We can move from the acceleration function to the velocity function and from the velocity function to the position function through integration. Integrating a function always introduces an arbitrary constant. Hence, one or more boundary conditions are required to determine the motion completely.

Example

A particle moves in a straight line. It is initially at rest at the origin. The acceleration of the particle is given by \(\ddot{x}(t) = \dfrac{1}{3}\cos 3t\).

Find the velocity at time \(t\).
Find the position at time \(t\).
Sketch the position–time graph for \(t\in [0,2\pi]\).

Solution

Starting from \(\ddot{x}(t) = \dfrac{1}{3}\cos 3t\) and integrating once, we obtain \[ \dot{x}(t) = \dfrac{1}{9}\sin 3t + c_1. \] Since \(\dot{x}(0) = 0\), we have \(c_1 = 0\). Hence, \[ \dot{x}(t) = \dfrac{1}{9}\sin 3t. \]
Integrating again gives \[ x(t) = -\dfrac{1}{27}\cos 3t + c_2. \] Since \(x(0) = 0\), we have \(c_2 = \dfrac{1}{27}\). Hence, \[ x(t) = -\dfrac{1}{27} \cos 3t + \dfrac{1}{27}. \]

Note. We have \(\ddot{x}(t) = -9x(t) + \dfrac{1}{3}\). Motion that satisfies a differential equation of this form is called simple harmonic motion. The particle oscillates along a straight line between 0 and \(\dfrac{2}{27}\). The centre of the oscillation is at \(x=\dfrac{1}{27}\).

It is often convenient to use calculus to solve problems of motion in a straight line, particularly when the boundary conditions vary.
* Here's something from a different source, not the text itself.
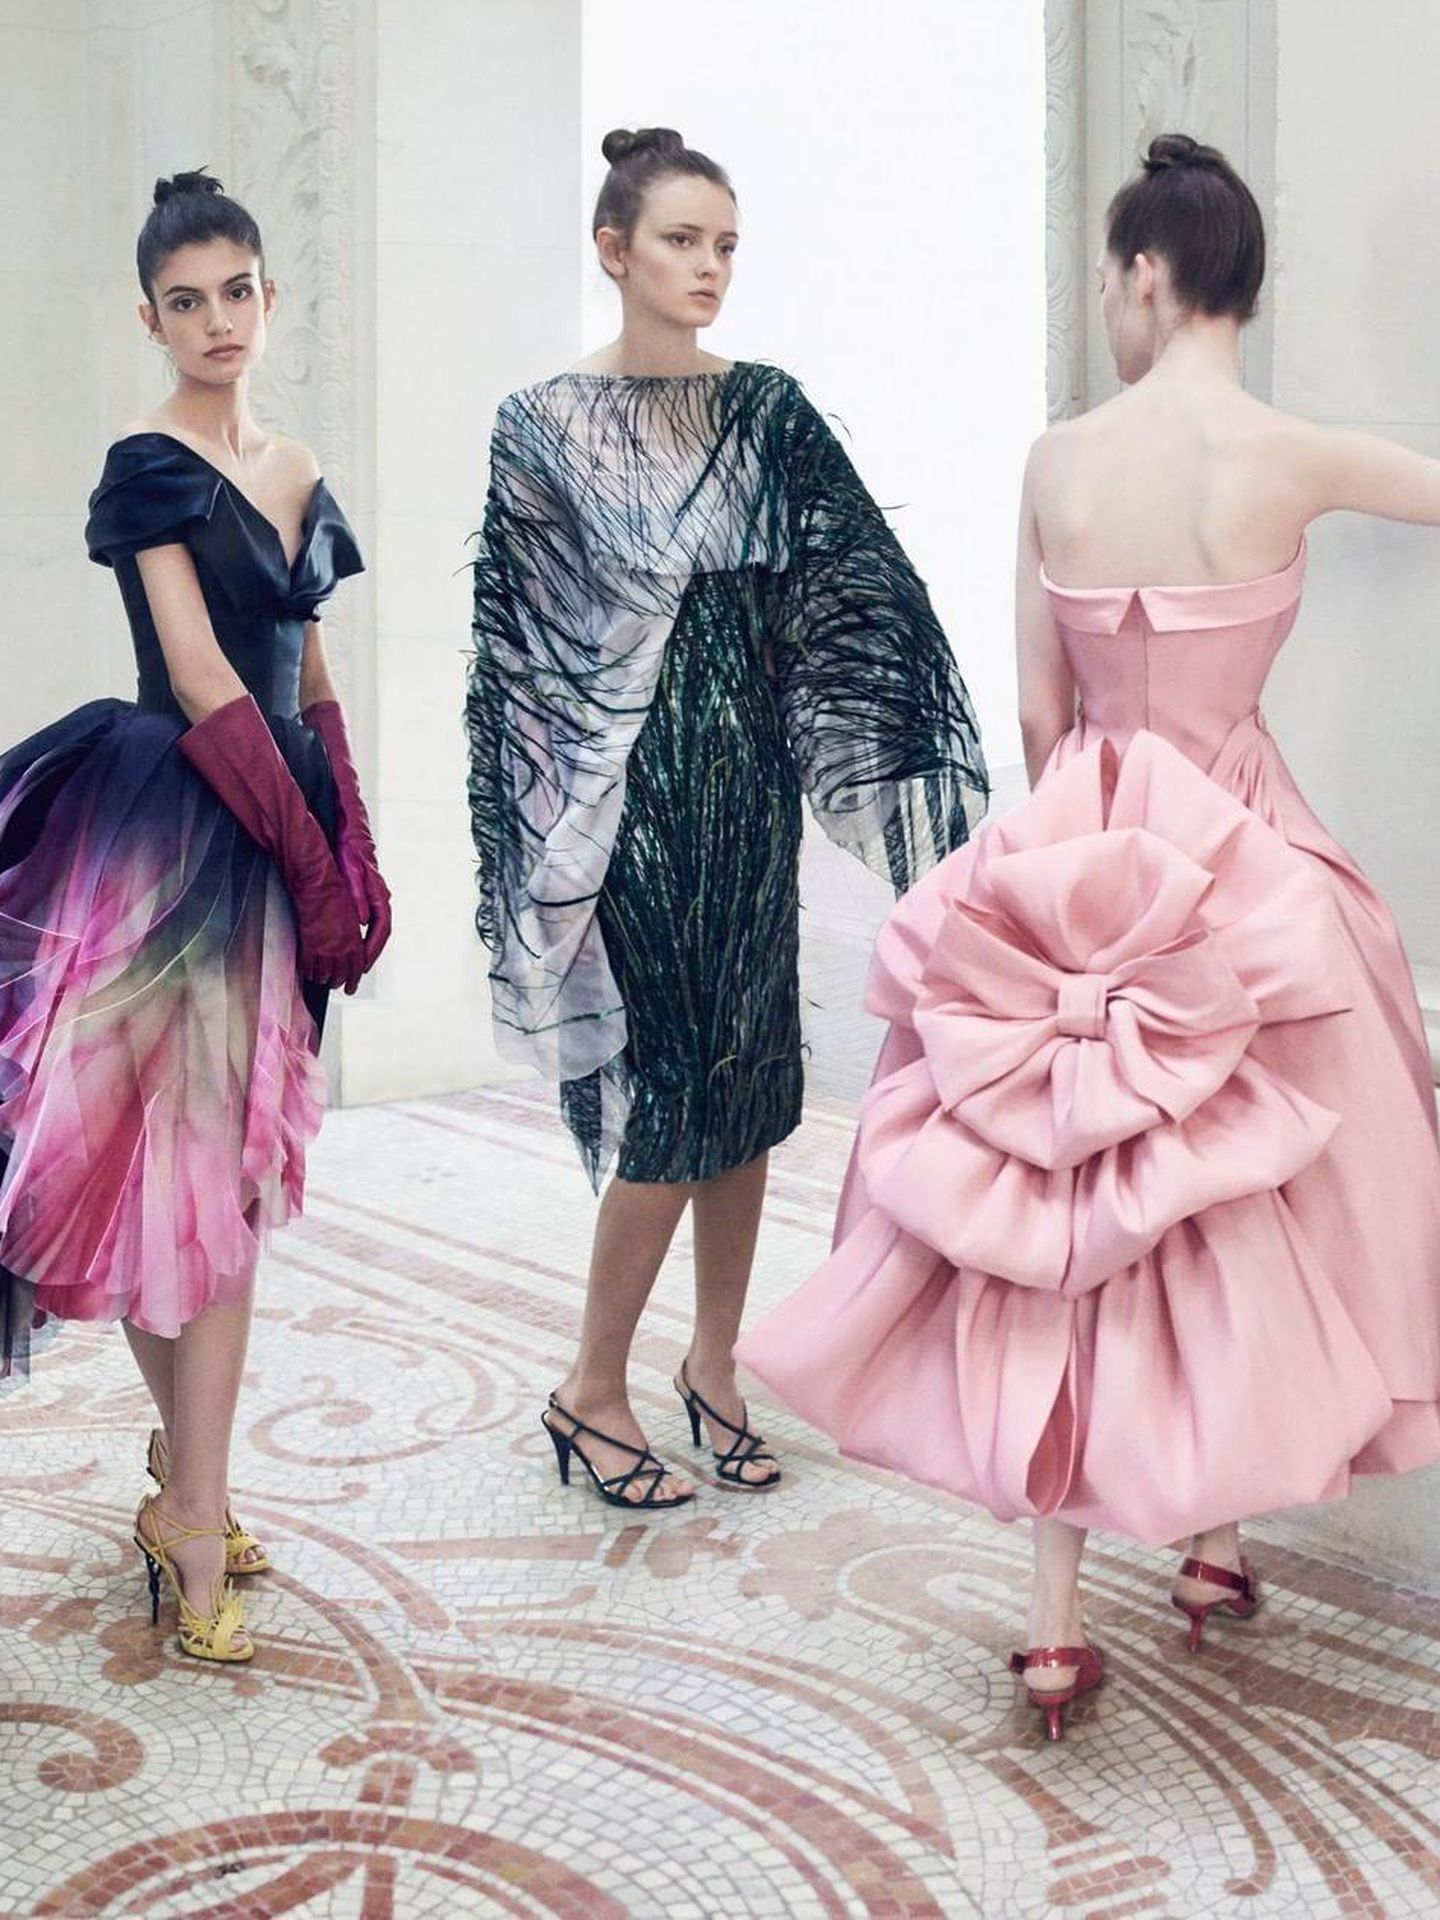 Imagen de Instagram, Christian Dior.

In addition, calculus is often used when we are considering the motion of two or more particles with different starting times and initial positions.

Example

Two particles \(A\) and \(B\) are moving to the right along a straight line. For particle \(A\), we have \(\ddot{x}_A(t) = \dfrac{1}{2}\), with boundary conditions \(x_A(0) = \dfrac{1}{4}\) and \(\dot{x}_A(0) = \dfrac{1}{2}\). For particle \(B\), we have \(\ddot{x}_B(t) = \dfrac{2}{3}\), with boundary conditions \(x_B(1) = \dfrac{1}{2}\) and \(\dot{x}_B(1) = \dfrac{5}{6}\).
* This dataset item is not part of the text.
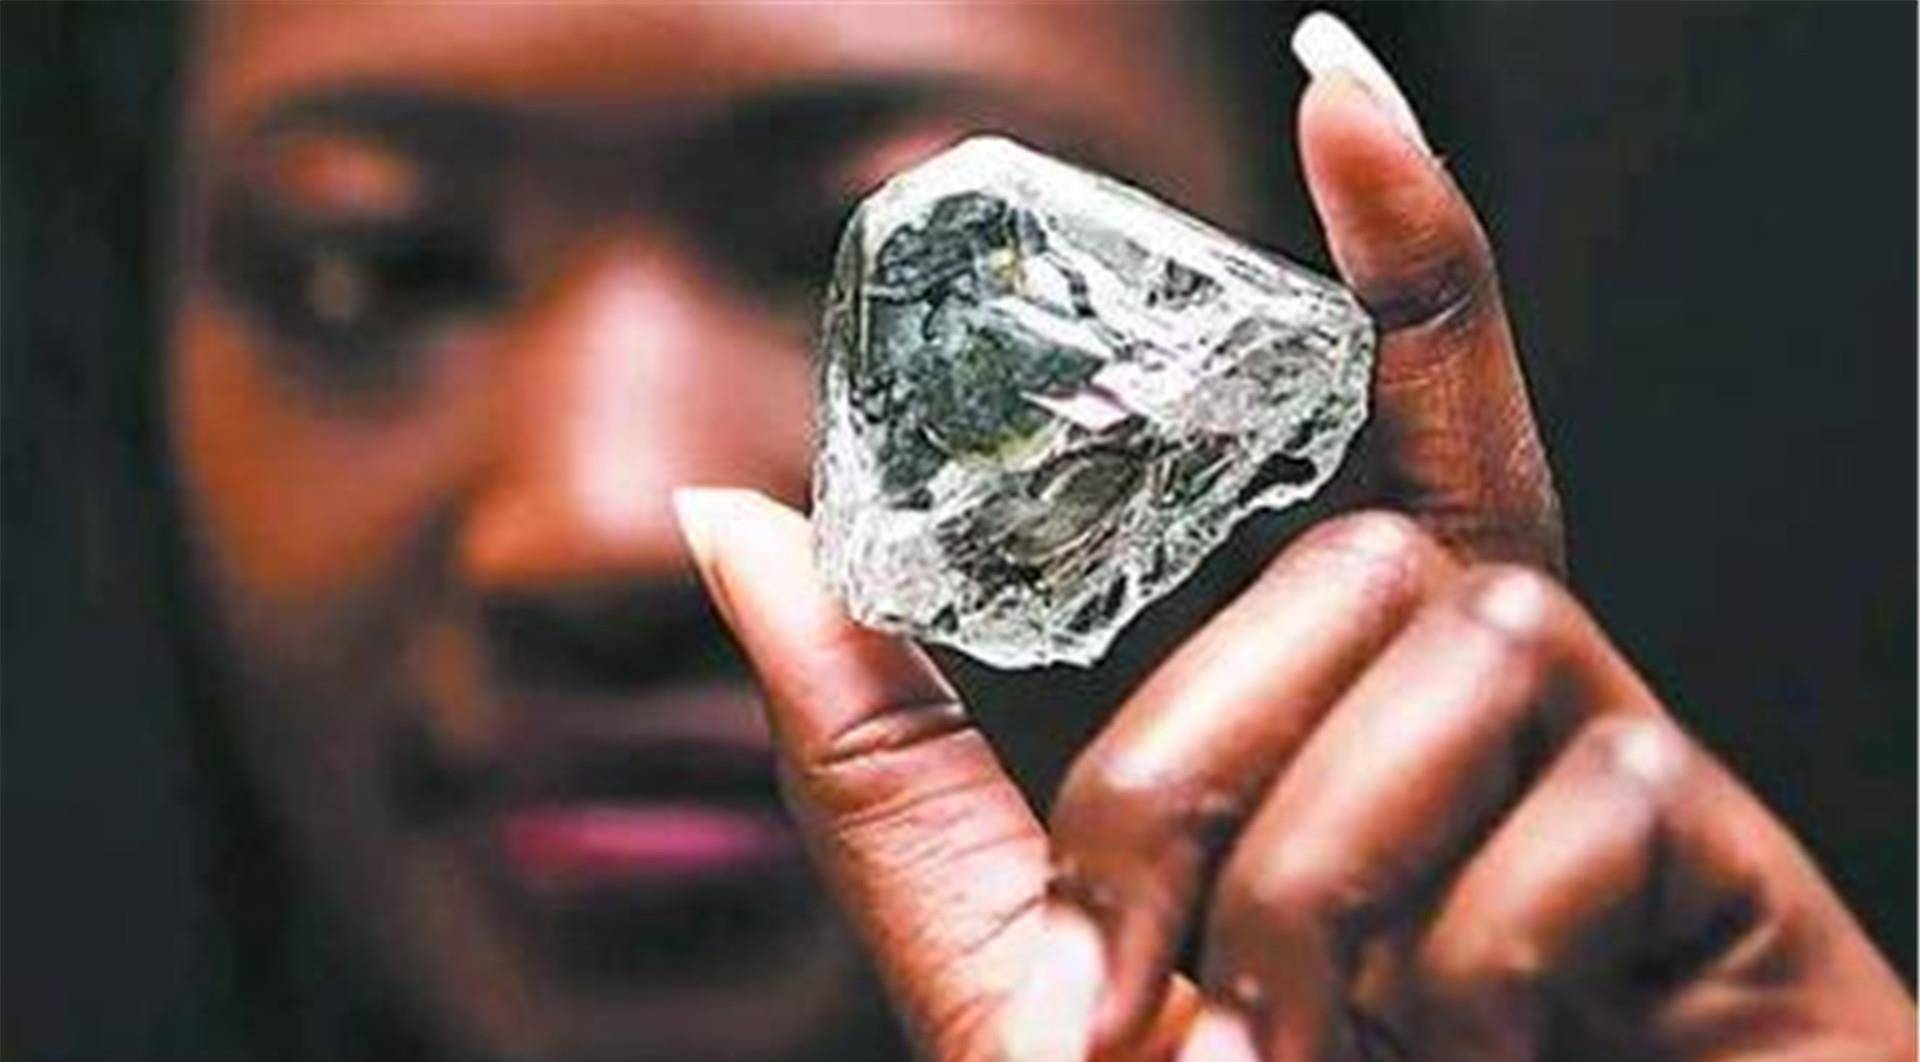   引起 非洲人想知道:为什么我们的钻石这么大、这么便宜，外国游客却不买？

Find when and where the two particles have the same position.
Sketch the position–time graphs for \(A\) and \(B\) on the one set of axes.

Solution

Particle \(A\). Starting from \(\ddot{x}_A(t) = \dfrac{1}{2}\) and integrating once, we obtain \(\dot{x}_A(t) = \dfrac{1}{2}t + c_1\). Since \(\dot{x}_A(0) = \dfrac{1}{2}\), we have \(c_1 = \dfrac{1}{2}\), and so \[ \dot{x}_A(t) = \dfrac{1}{2}t + \dfrac{1}{2}. \] Integrating again gives \[ x_A(t) = \dfrac{1}{4} t^2 + \dfrac{1}{2} t + c_2. \] Since \(x_A(0) = \dfrac{1}{4}\), we have \(c_2 = \dfrac{1}{4}\). Hence, \[ x_A(t) = \dfrac{1}{4}\bigl(t^2 + 2t + 1\bigr). \] Particle \(B\). Integrating \(\ddot{x}_B(t) = \dfrac{2}{3}\), we obtain \(\dot{x}_B(t) = \dfrac{2}{3}t + c_3\). Since \(\dot{x}_B(1)=\dfrac{5}{6}\), we have \(c_3 = \dfrac{1}{6}\) and so \[ \dot{x}_B(t) = \dfrac{1}{6}\bigl(4t + 1\bigr). \] Integrating again: \[ x_B(t) = \dfrac{1}{6}\bigl(2t^2 + t\bigr) + c_4. \] Since \(x_B(1) = \dfrac{1}{2}\), we have \(c_4 = 0\) and so \[ x_B(t) = \dfrac{1}{6}\bigl(2t^2 + t\bigr). \] Particles meet. The particles meet when \(x_A(t) = x_B(t)\): \begin{align*} \dfrac{1}{4}\bigl(t^2 + 2t + 1\bigr) &= \dfrac{1}{6}\bigl(2t^2 + t\bigr) \\ t^2 - 4t - 3 &= 0 \\ t &= 2 \pm \sqrt{7}. \end{align*} Since \(t \geq 0\), the particles meet when \(t = 2 + \sqrt{7}\). Substituting in \(x_B(t) = \dfrac{1}{6}(2t^2 + t)\), we have \[ x_B(2 + \sqrt{7}) = \dfrac{1}{6}\bigl(2(2+\sqrt{7})^2 + (2+\sqrt{7})\bigr) = \dfrac{1}{2}\bigl(8 + 3\sqrt{7}\bigr). \] The particles meet at \(\bigl(2+\sqrt{7}, \dfrac{1}{2}(8 + 3\sqrt{7})\bigr)\).

Exercise 9

Two particles \(A\) and \(B\) are moving in a straight line. The positions of the particles, with respect to an origin, are given by \(x_A(t) = \dfrac{1}{2}t^2 - t + 3\) and \(x_B(t) = -\dfrac{1}{4}t^2 + t + 1\) at time \(t \geq 0\).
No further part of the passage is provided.